|Matthew Henry's Concise Commentary|
5:12-23 Deborah called on her own soul to be in earnest. He that will set the hearts of other men on fire with the love of Christ, must himself burn with love. Praising God is a work we should awake to, and awake ourselves unto. She notices who fought against Israel, who fought for them, and who kept away. Who fought against them. They were obstinate enemies to God's people, therefore the more dangerous. Who fought for them. The several tribes that helped are here spoken of with honour; for though God is above all to be glorified, those who are employed must have their due praise, to encourage others. But the whole creation is at war with those to whom God is an enemy. The river of Kishon fought against their enemies. At most times it was shallow, yet now, probably by the great rain that fell, it was so swelled, and the stream so deep and strong, that those who attempted to pass, were drowned. Deborah's own soul fought against them. When the soul is employed in holy exercises, and heart-work is made of them, through the grace of God, the strength of our spiritual enemies will be trodden down, and will fall before us. She observes who kept away, and did not side with Israel, as might have been expected. Thus many are kept from doing their duty by the fear of trouble, the love of ease, and undue affection to their worldly business and advantage. Narrow, selfish spirits care not what becomes of God's church, so that they can but get, keep, and save money. All seek their own, Php 2:21. A little will serve those for a pretence to stay at home, who have no mind to engage in needful services, because there is difficulty and danger in them. But we cannot keep away from the contest between the Lord and his enemies; and if we do not actively endeavour to promote his cause in this wicked world, we shall fall under the curse against the workers of iniquity. Though He needs no human help, yet he is pleased to accept the services of those who improve their talents to advance his cause. He requires every man to do so.
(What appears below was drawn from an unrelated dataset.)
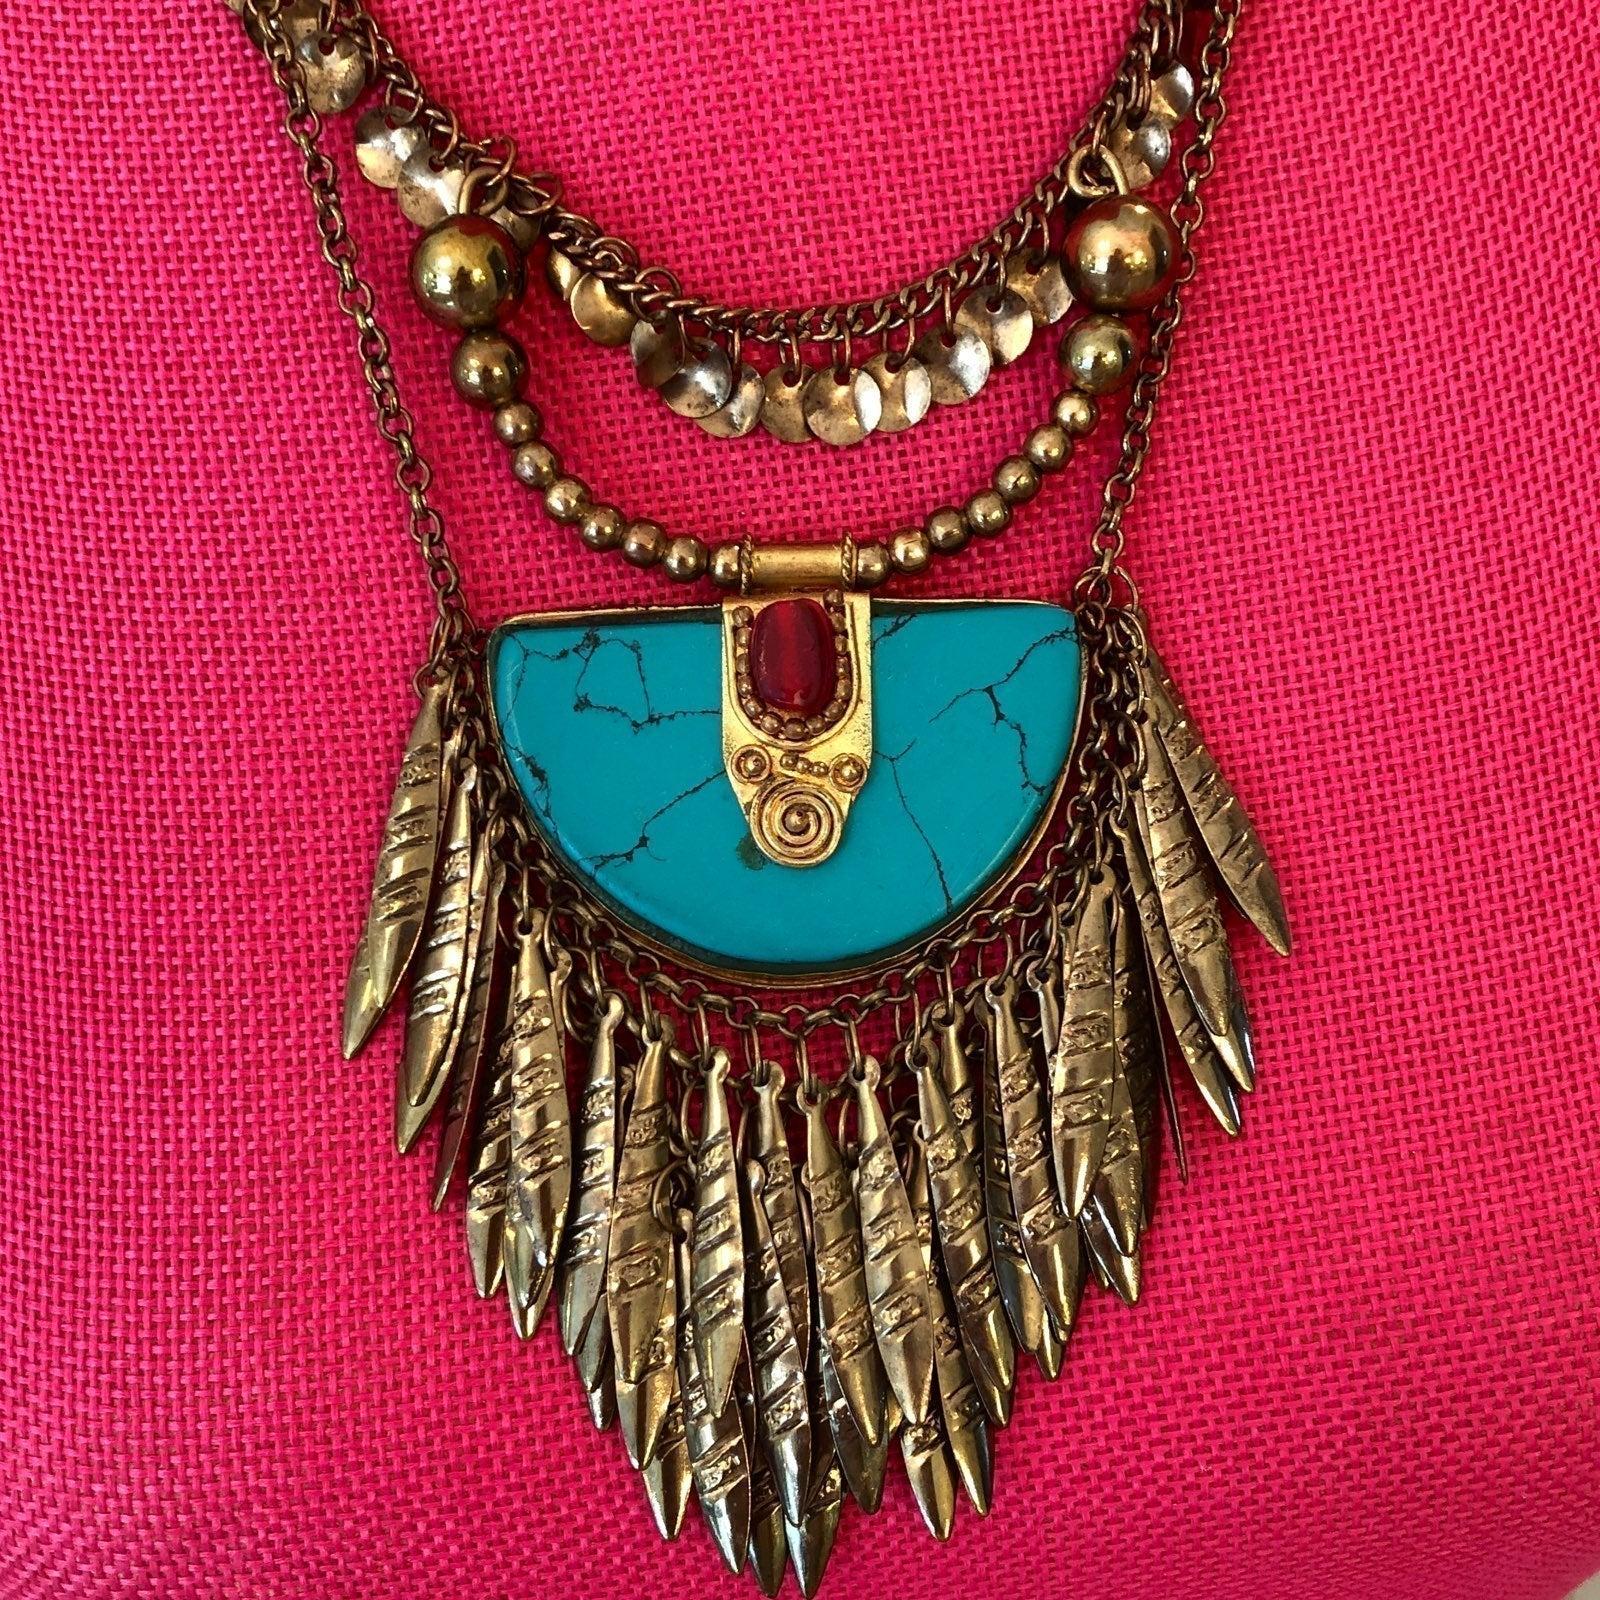 Buckle Necklace

Verse 22. - Their mighty ones. Applied to bulls, Psalm 22:12, etc.; and to horses (A.V., his strong ones), Jeremiah 8:16; his strong horses, Jeremiah 47:3.
Gill's Exposition of the Entire Bible
Then were the horse hoofs broken by means of the pransings,.... Either through the force of the waters of the river, where they pranced and plunged, and could have no standing; or through the swift haste they made to run away, striking the earth so quick, and with such force and vehemence, that their hoofs were broken thereby, especially on stony ground, and so their speed retarded:
the pransings of the mighty ones; either their riders, princes, and great personages, who made them prance, leap, and run with great speed and force; or horses strong and mighty, being such as were selected for this purpose, and trained to war.
Jamieson-Fausset-Brown Bible Commentary
22. Then were the horse hoofs broken by the means of the prancings—Anciently, as in many parts of the East still, horses were not shod. The breaking of the hoofs denotes the hot haste and heavy irregular tramp of the routed foe.